Relationships. Social media can be the source of much angst and social comparison, particularly when relationships are shallow or flippant. Rather than focusing on the quantity of relationships, hone in on the quality of your connections online. Unfollow unnecessary people or groups who are not adding meaning to your life.
Mental health. Whether a certain technology enhances or detracts from our life is often dependent on how we use it. The temptation to endlessly scroll on social media or on news sites can be high, particularly when your brainpower is low (like late at night when you are already tired). Take a few minutes first thing in the morning to write down your intentions for the day. Consider including an intention for how long you want to be online, and use your screen-time settings to hold yourself to your limits.

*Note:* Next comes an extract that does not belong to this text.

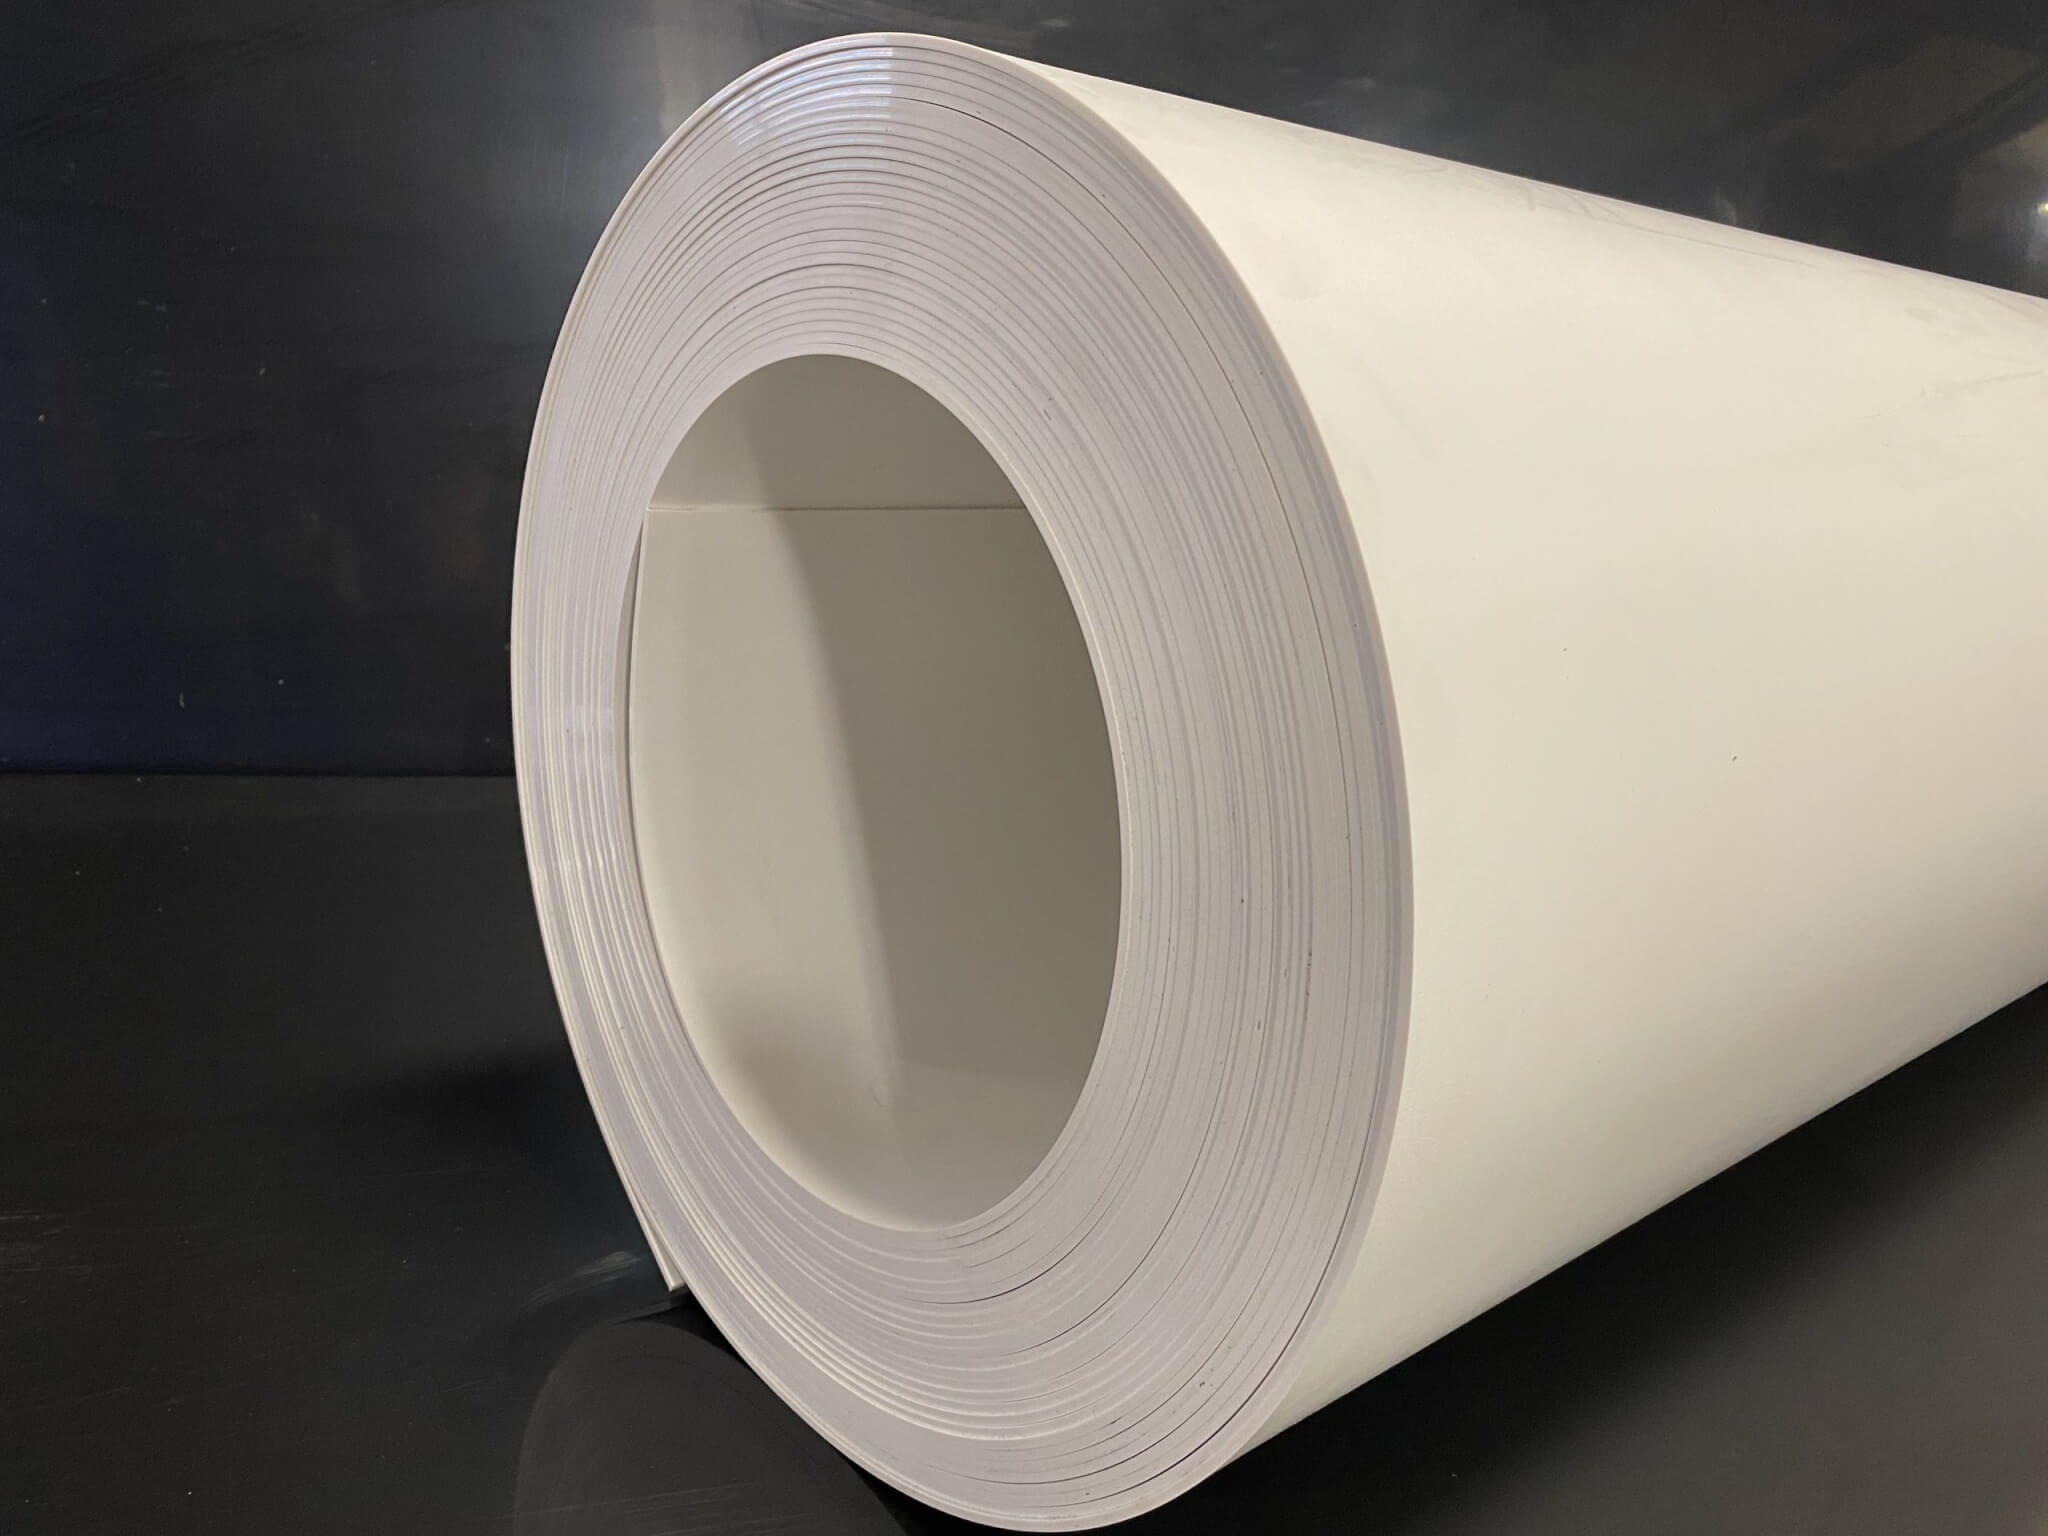 White HDPE Plastic Sheet

Physical health. Connected device usage has increased 46% since the start of COVID, and, as a result, back aches and neck pain have risen by 50%. Pay attention to your posture when you are sitting at your desk and make sure that your screen is at a height level with your eyes to avoid squinting and hunching.
Quantified self. The “quantified self” is a method of seeking to understand yourself through technology, using sensors like wearables (think smart watches) or data trackers (like apps) to optimize health. While this concept sounds new, health providers have been tracking metrics like blood pressure, heart rate, and calories for decades; the quantified self movement simply empowers individuals to track and make sense of their own data. To try out this approach, pick one behavior to track (like step count) and focus on optimizing that one metric. Set a goal for yourself and celebrate when you achieve it!

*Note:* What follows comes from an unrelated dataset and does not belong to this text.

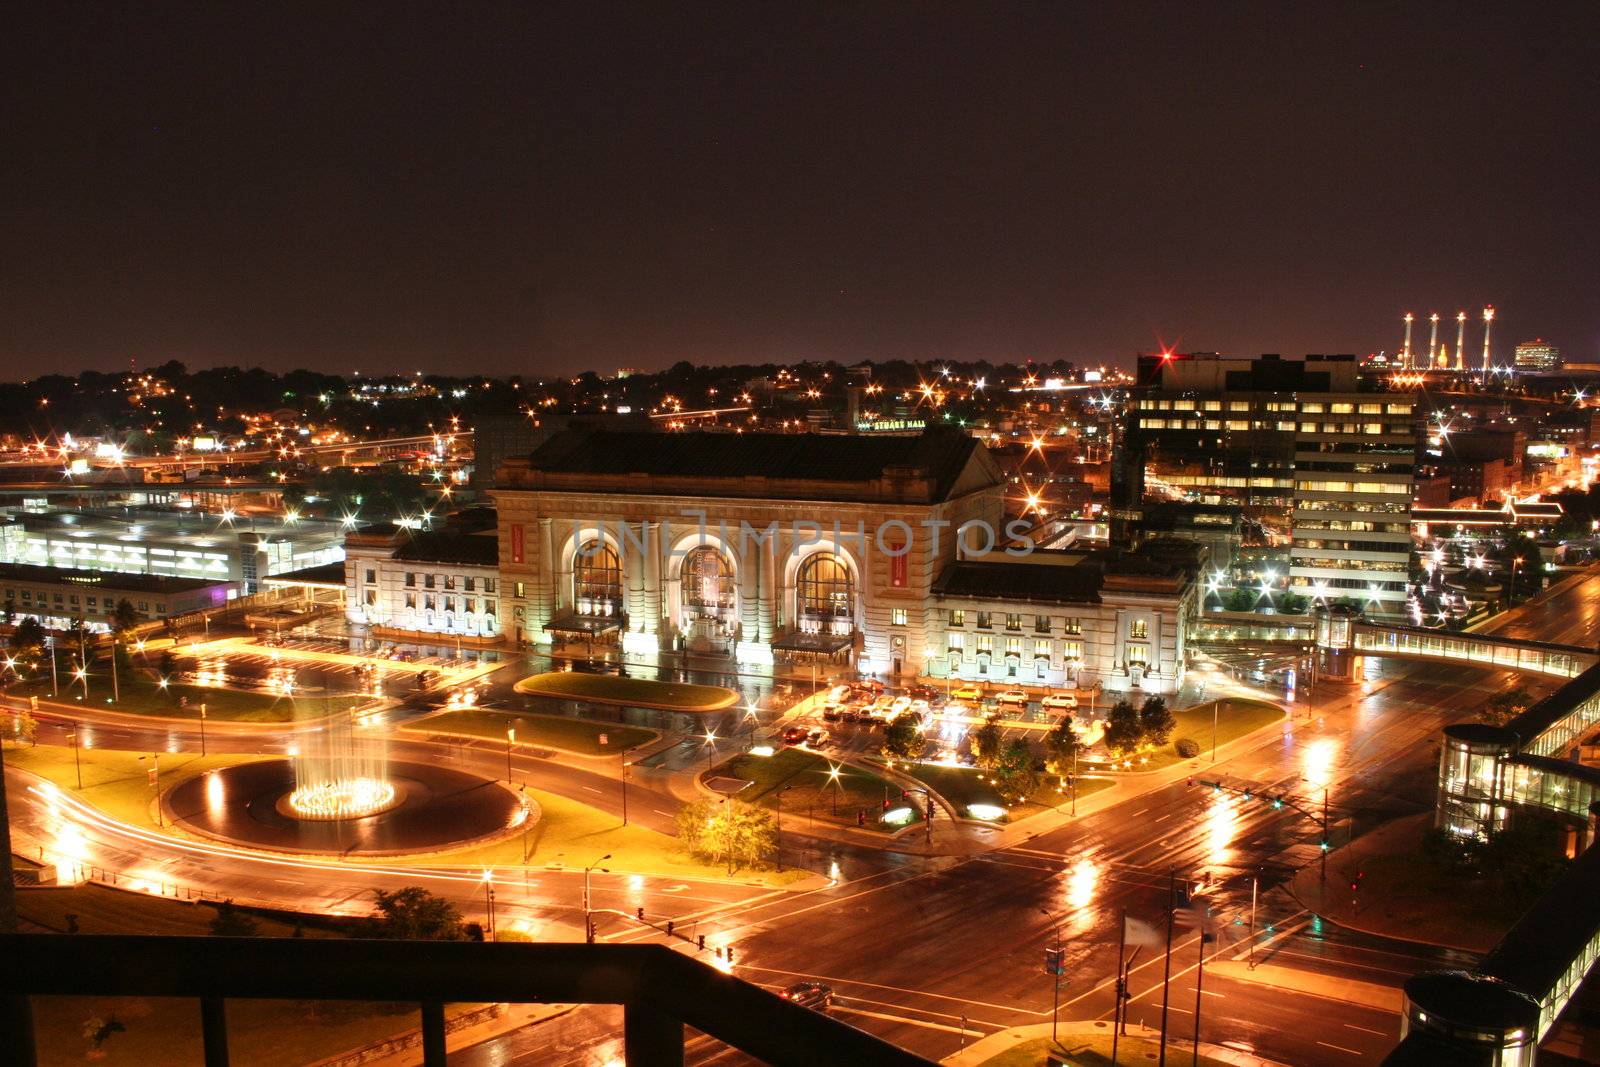 Kansas City Union Station at night after a rain

Digital citizenship. Having a healthy online civic life means building competency in civil discourse, culturally sensitive communication, online etiquette, and information processing. A person with a high digital citizenship orientation knows about data privacy and its implications for the individual and society, is aware of how their online communication can affect others, has tools at hand to evaluate information obtained from the internet as truthful or biased, and understands how to communicate to different audiences in a way that is sensitive to diversity and inclusion. One of the best ways to gain awareness of your digital footprint in the world is to do a Google “selfie” to see what information about yourself is publicly available. Remove any online information that you no longer wish to share (check whitepages.com to see what might be listed publicly).
These suggestions are just a starting place for boosting wellness in the digital era; to learn more strategies, consider enrolling in a program or course online. The ones that I’ve been involved in include the Digital Wellness 101 course co-created by PowerEd and Athabasca University and the Digital Wellness Institute’s 10-week certification program designed for coaches, learning officers, and educators.
While we know that technology will continue to be an integral and ever-present part of our everyday lives, we do have some control over how we use it to digitally flourish, rather than flail in the midst of distraction. By cultivating our own digital wellness, we can leverage technology for its best and highest purposes and begin to shape the future with the choices that we make today.